Protein tags are peptide sequences genetically grafted onto a recombinant protein.  Tags are attached to proteins for various purposes. They can be added to either end of the target protein, so they are either C-terminus or N-terminus specific or are both C-terminus and N-terminus specific.
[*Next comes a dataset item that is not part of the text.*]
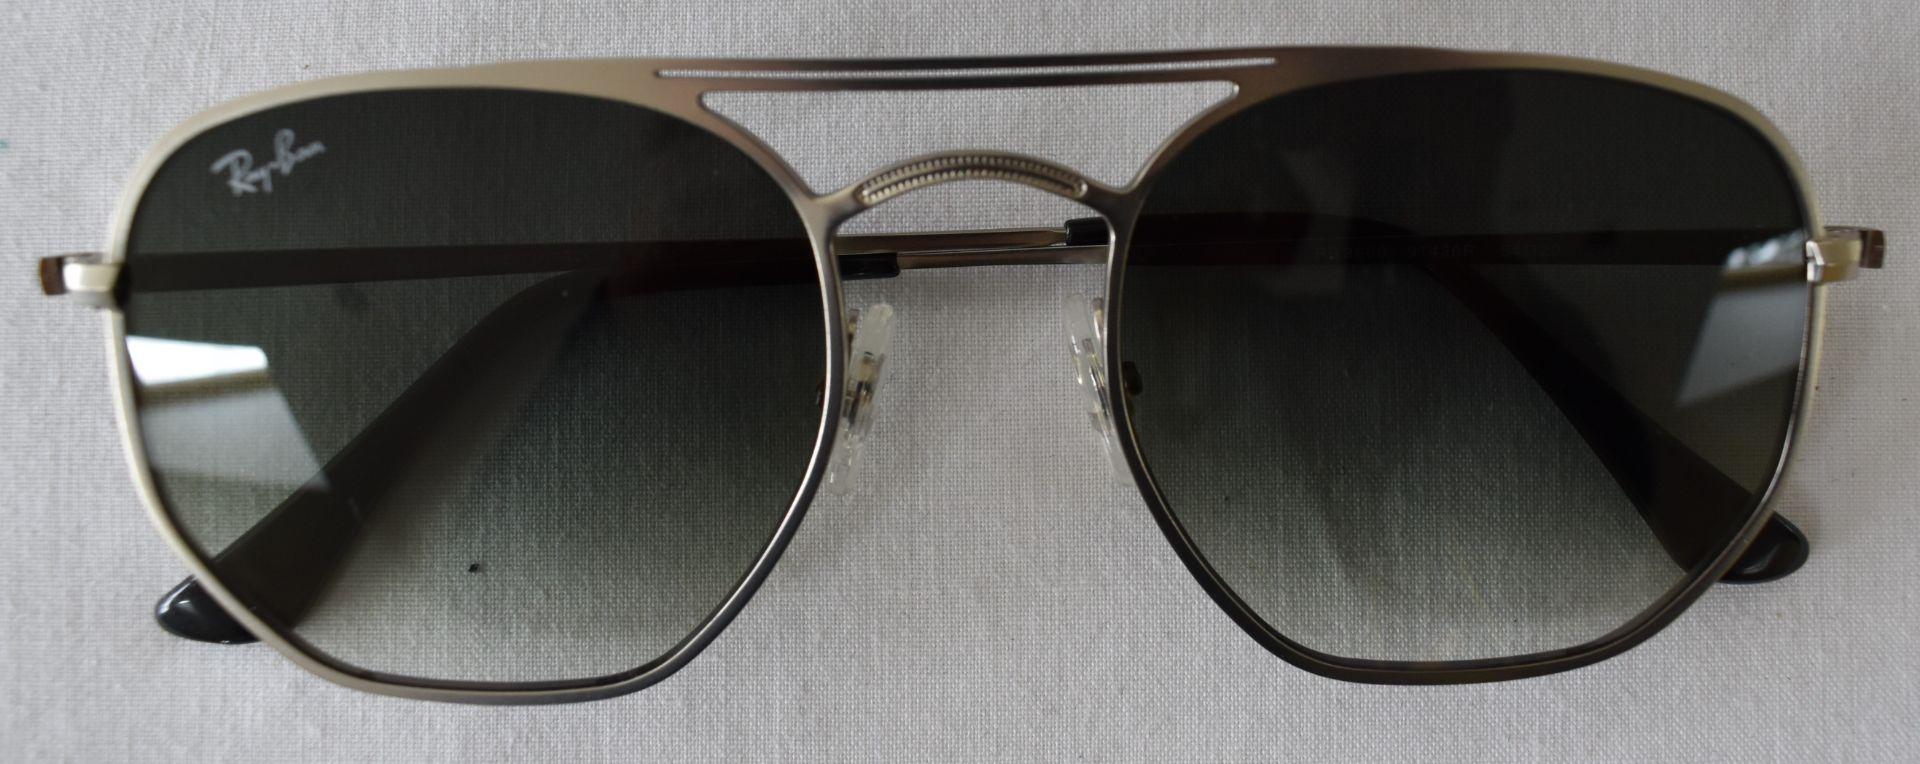 Ray Ban Sunglasses ORB3609N 91420R *3N - Image 2 of 3

Some tags are also inserted at sites within the protein of interest; they are known as internal tags.

Affinity tags are appended to proteins so that they can be purified from their crude biological source using an affinity technique.  Affinity tags include chitin binding protein (CBP), maltose binding protein (MBP), Strep-tag and glutathione-S-transferase (GST).  The poly(His) tag is a widely used protein tag, which binds to matrices bearing immobilized metal ions.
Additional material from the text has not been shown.